Would you also need to reduce the area of the steel proportional to the area of concrete reduced to get it to fit within the smaller square cross-section?
It would depend on the amount of concrete and steel, but if so, it would seem as if a completely different square shaft would have to be analyzed, with the only link being that it had less capacity than the original circular shaft.


 
@jreit: The way we did it has nothing to do with WSD. There was no reduction of area. The sides of the square are the square root of the circle area. The same amount of rebar is used. This is the way I've always seen it done. Granted for deflection it would be based on "I" of the circular section.
 
Thank you all for the responses. I will keep the "equivalent" rectangle cross section in mind, but as I have already made a program that calculates circular cross section capacity with the whitney stress block, i will most likely just be using 8.15.4, where I just multiply those results by 0.35. But I was very interested how anyone else had approached the problem, so thanks! You all have been helpful as always.
 
Love WSD and still use it.

There are plenty of detailed and extensive books to download for free on Google books. Interesting stuff "bending and direct stress"; cohesion to calculate development length (very interesting to calculate the allowable concrete stresses on hooked bars); it's especially usefully for designing substructures.

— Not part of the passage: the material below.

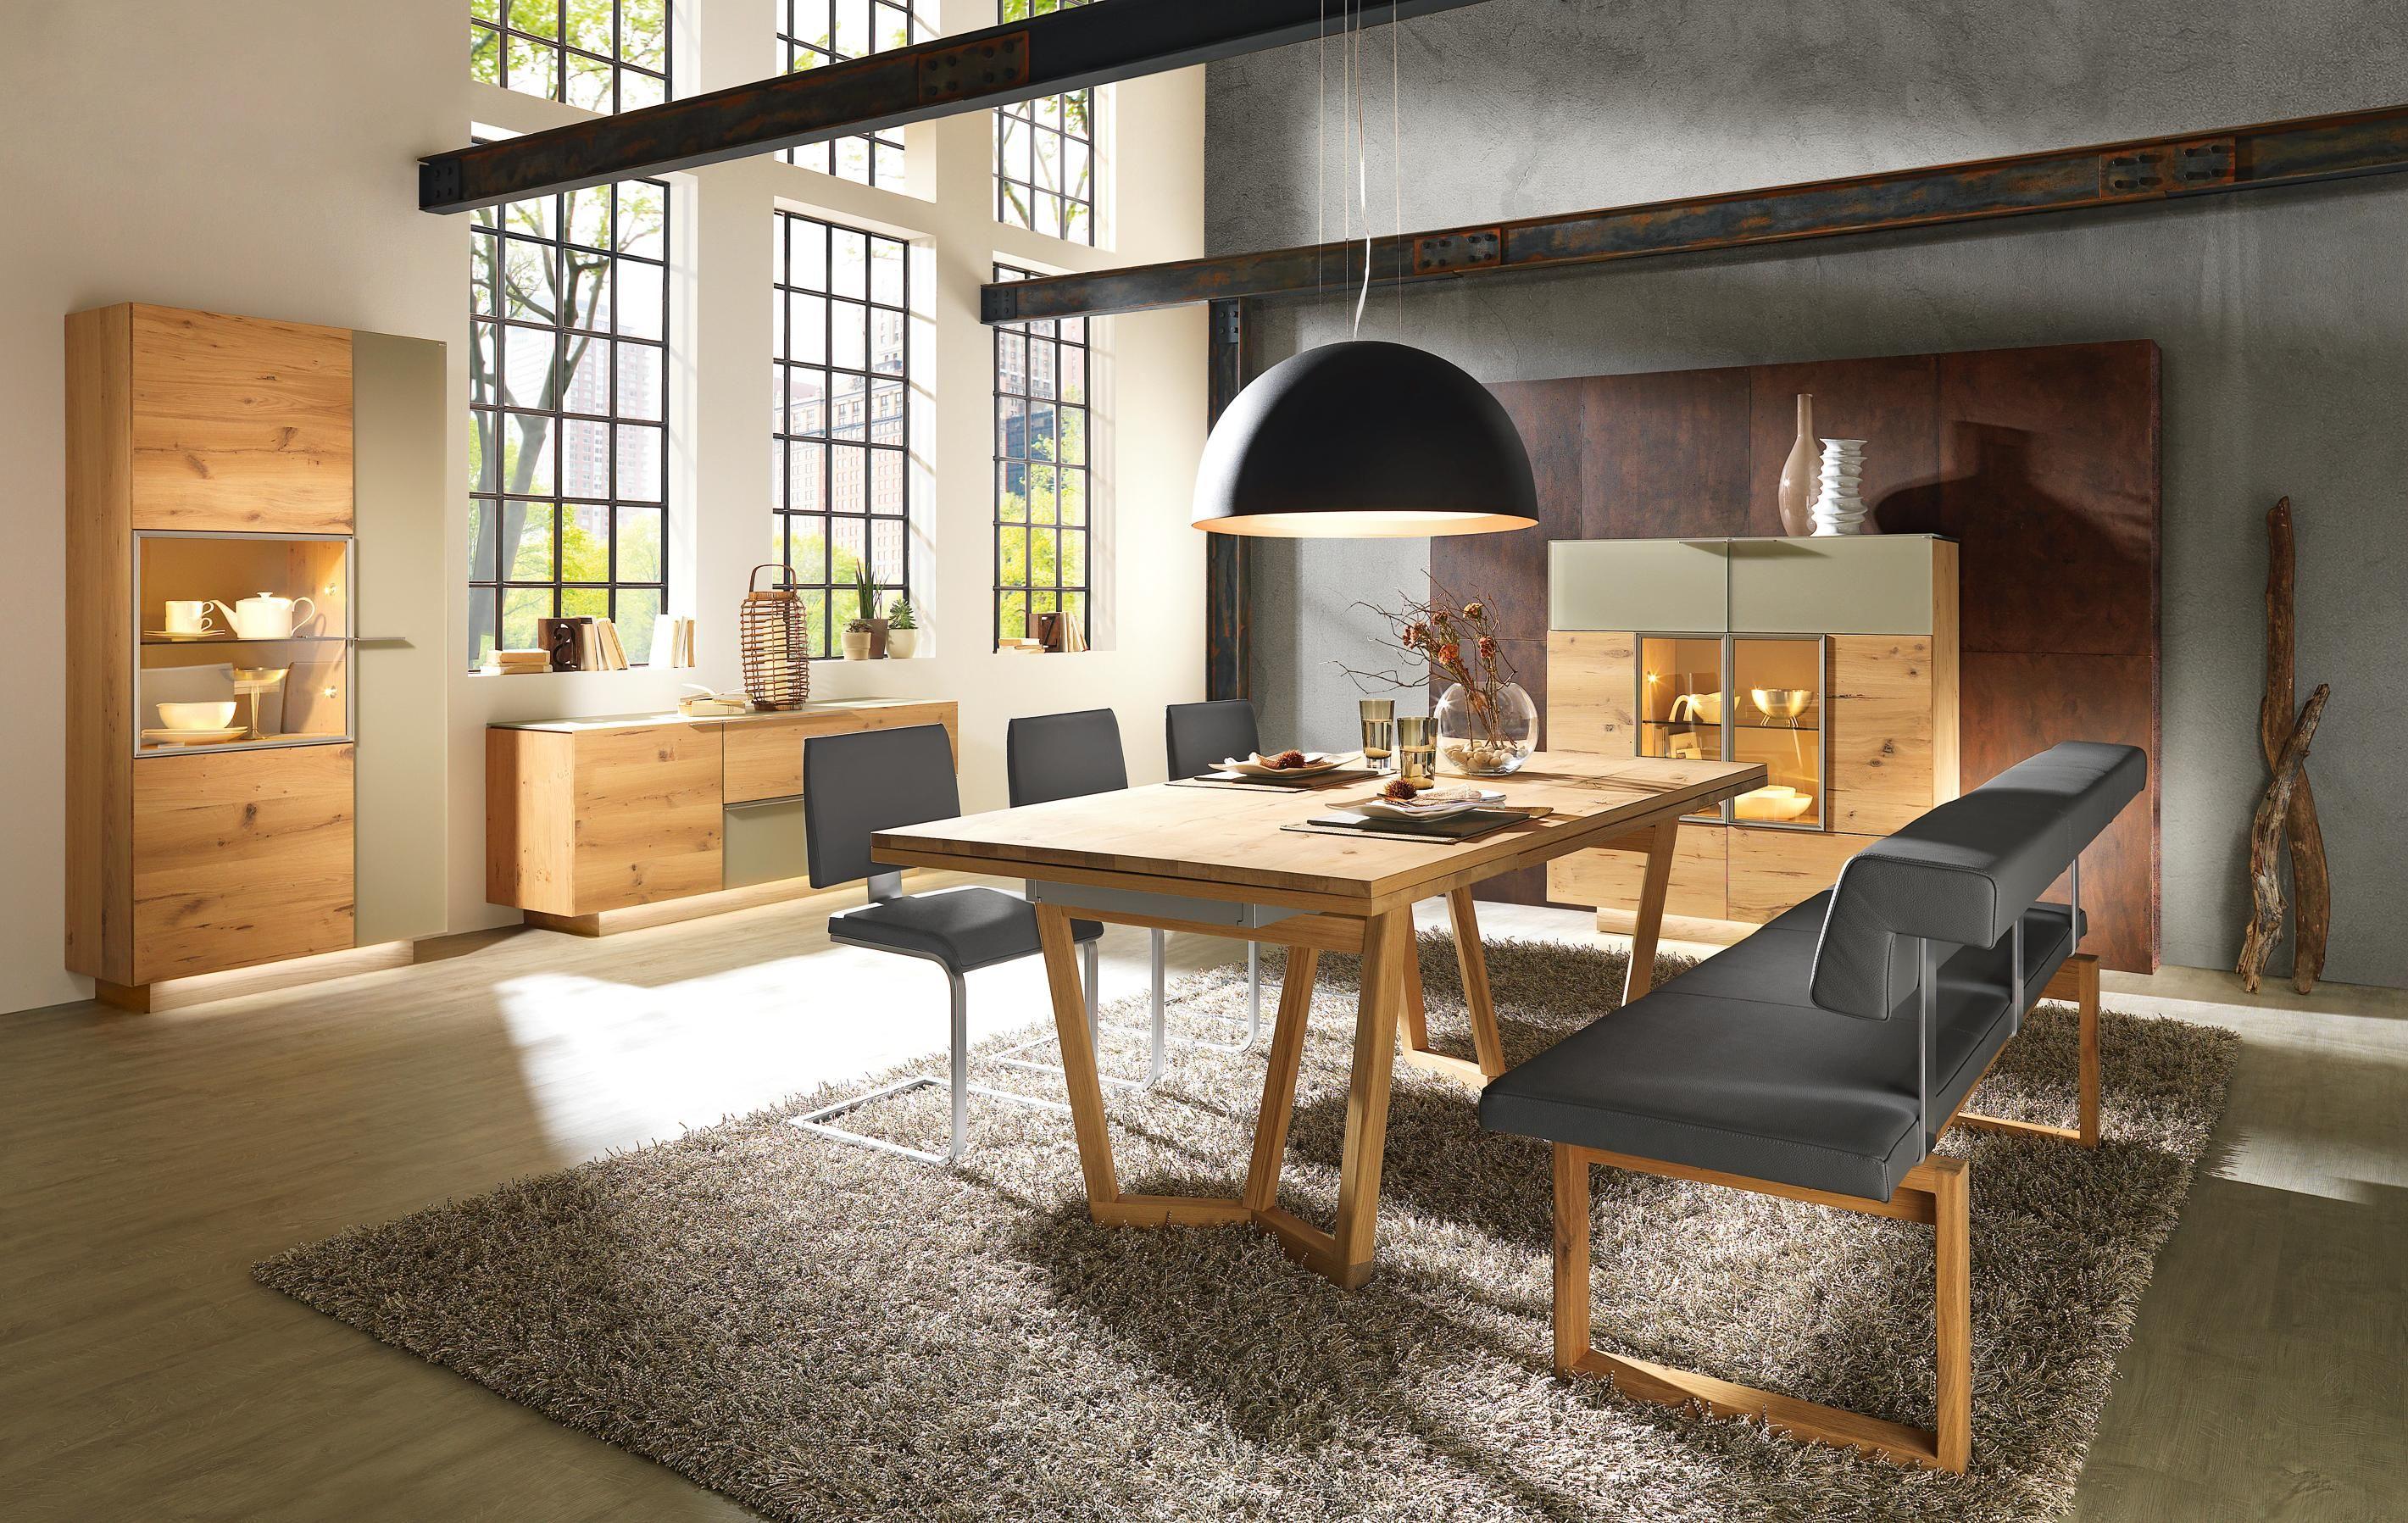 Voglauer Schlafzimmer ~ Voglauer speisezimmer dining esszimmer

AASHTO LFD only allows WSD for calculating moment and shear in beams without axial force. The other provisions are not really WSD, but calculating by LFD and than reducing by an artificially high loadfactor over phi, and then calling it "WSD".

Transforming a column into a rectangular section doesn't have anything to do specifically with WSD vs LFD/LRFD. I believe that method is probably still explained in ACI 318 (I don't have a current edition).